▶ [Record extracts]:

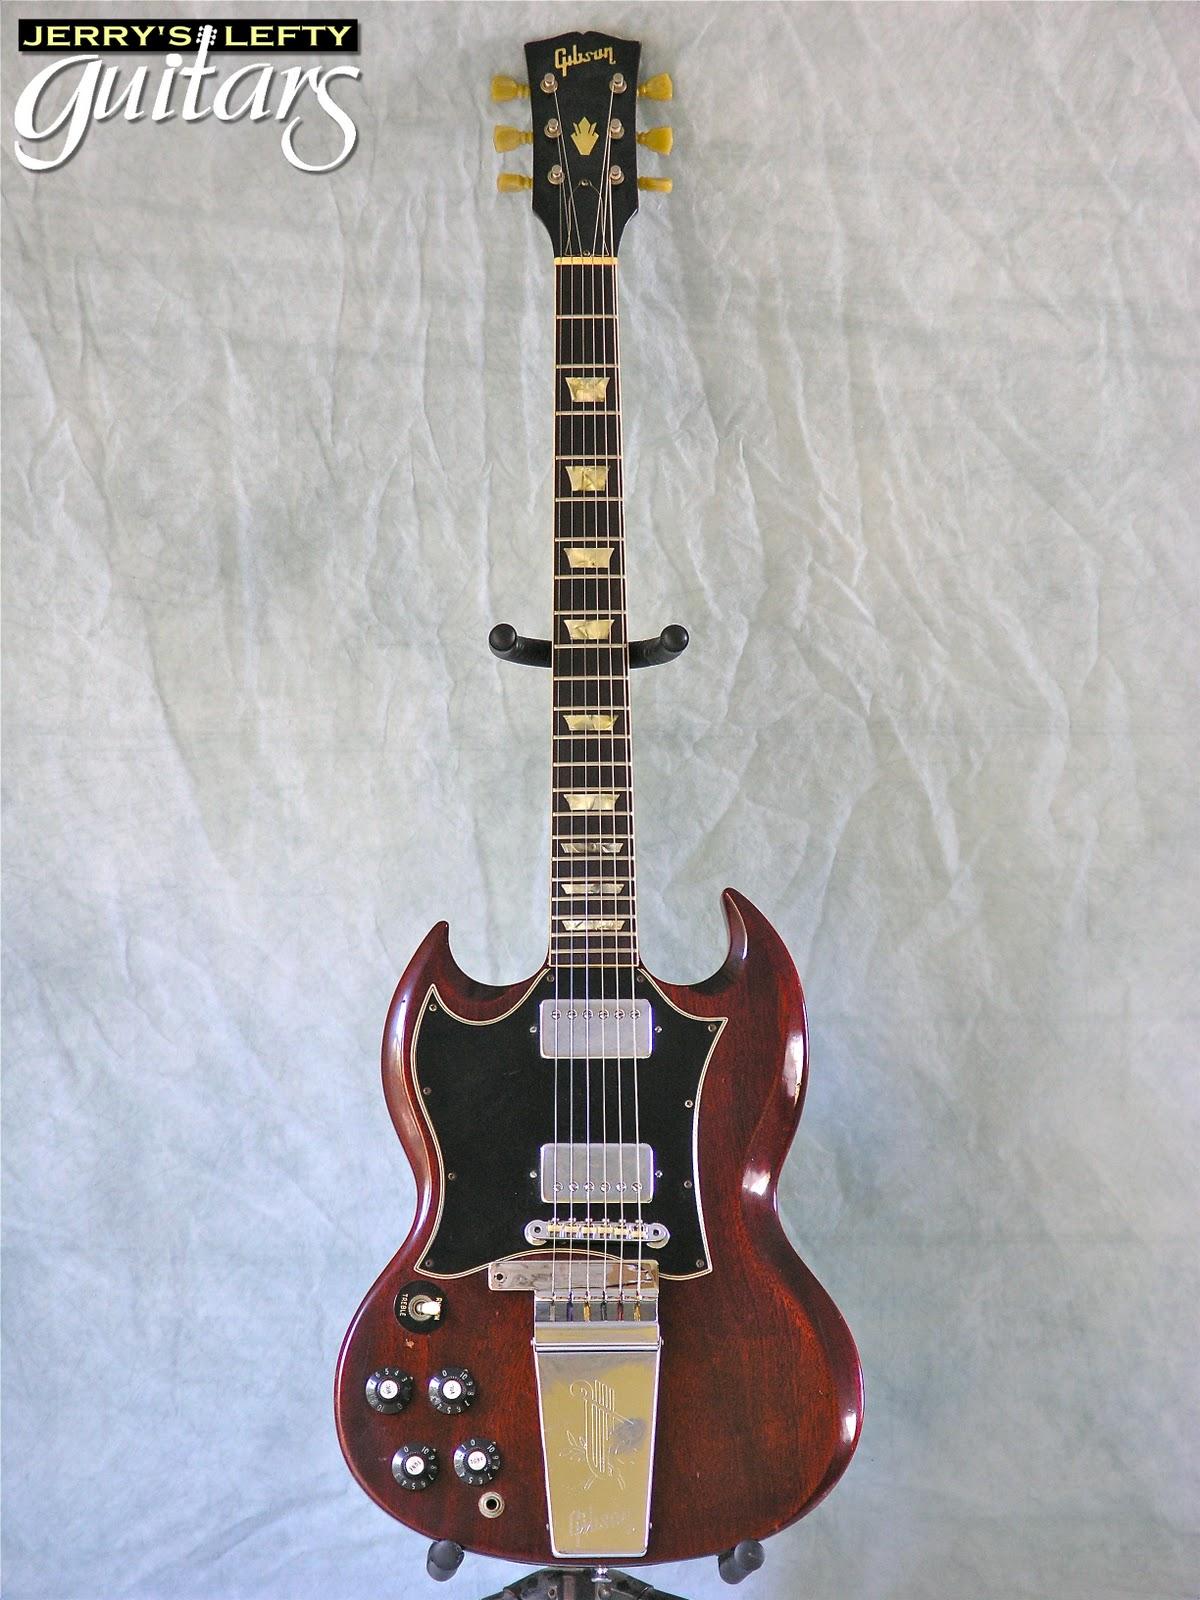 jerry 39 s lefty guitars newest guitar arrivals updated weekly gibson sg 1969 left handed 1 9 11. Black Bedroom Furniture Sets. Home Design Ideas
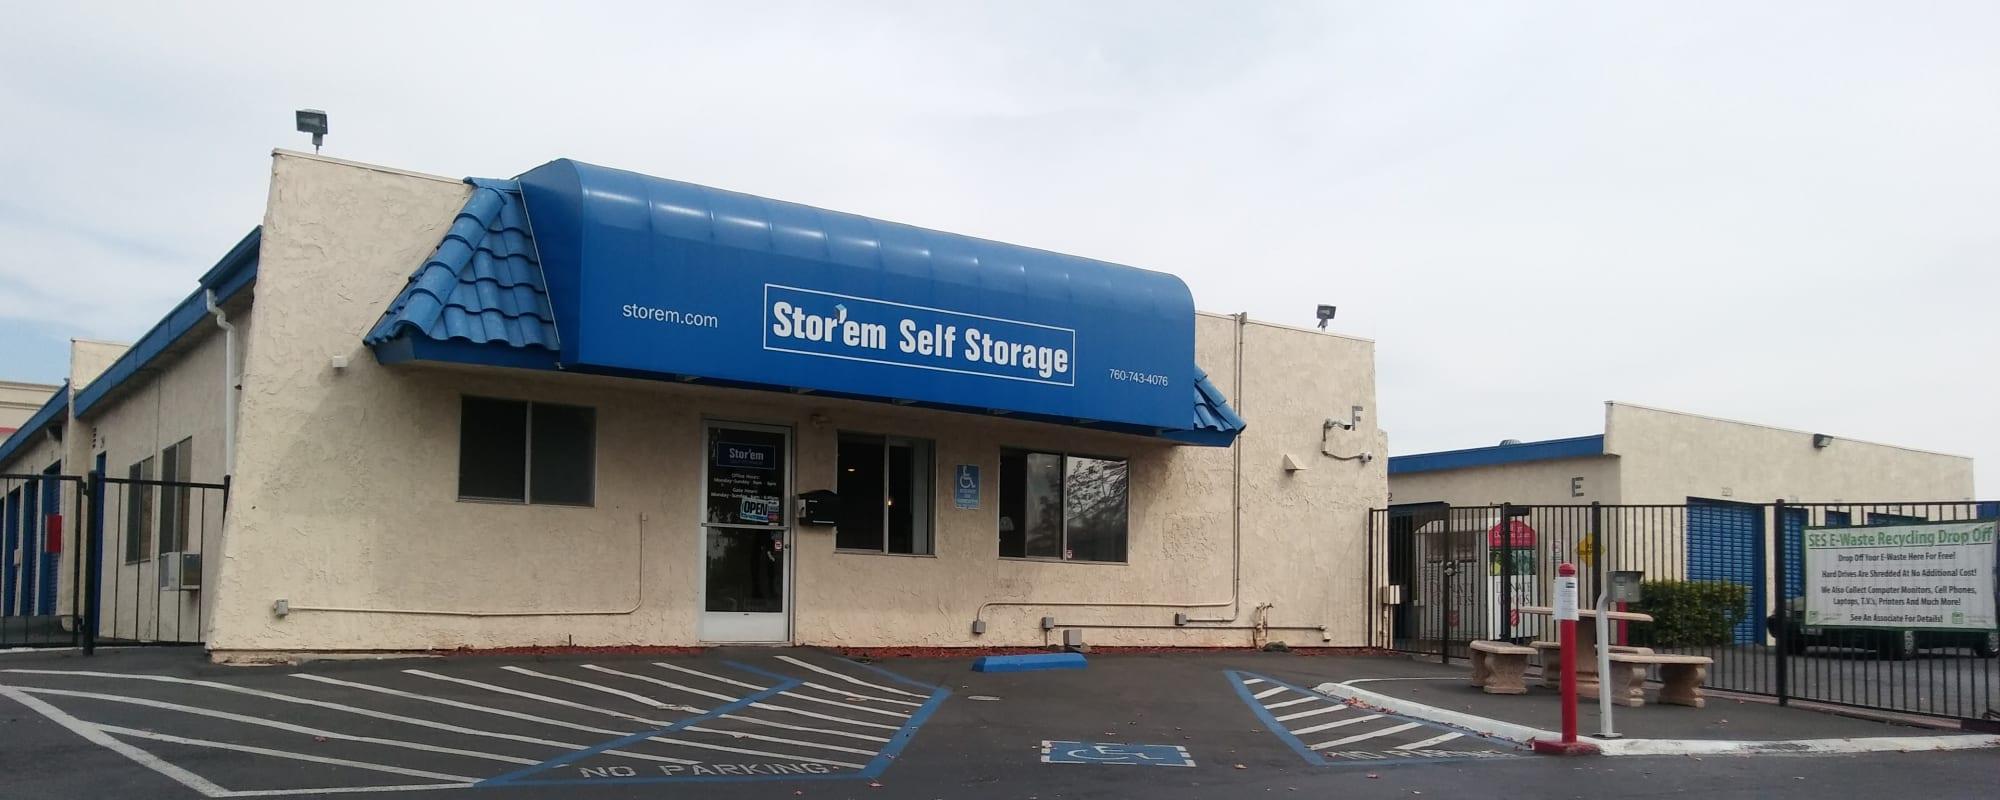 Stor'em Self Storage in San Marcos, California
---
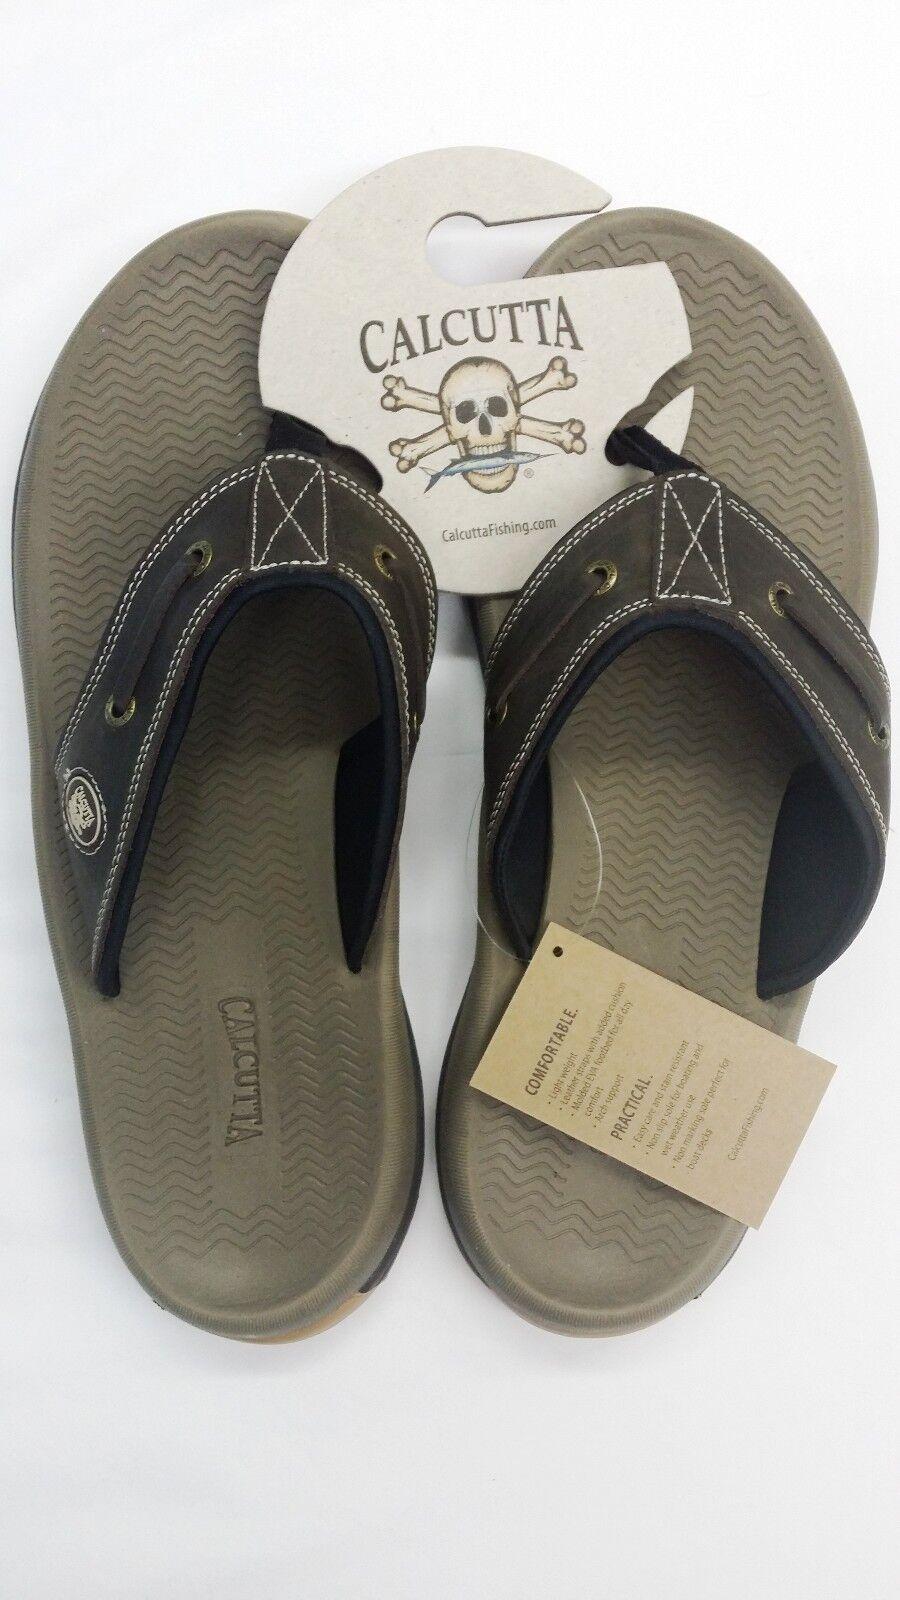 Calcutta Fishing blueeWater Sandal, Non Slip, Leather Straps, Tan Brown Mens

▶ [Required work]: In the data above, the stretch from the line with "jerry 39 s lefty" through the line with "Stor'em Self Storage" is to be returned exactly, minus any pictures.

▶ [Task response]:
 jerry 39 s lefty guitars newest guitar arrivals updated weekly gibson sg 1969 left handed 1 9 11. Black Bedroom Furniture Sets. Home Design Ideas
 Stor'em Self Storage in San Marcos, California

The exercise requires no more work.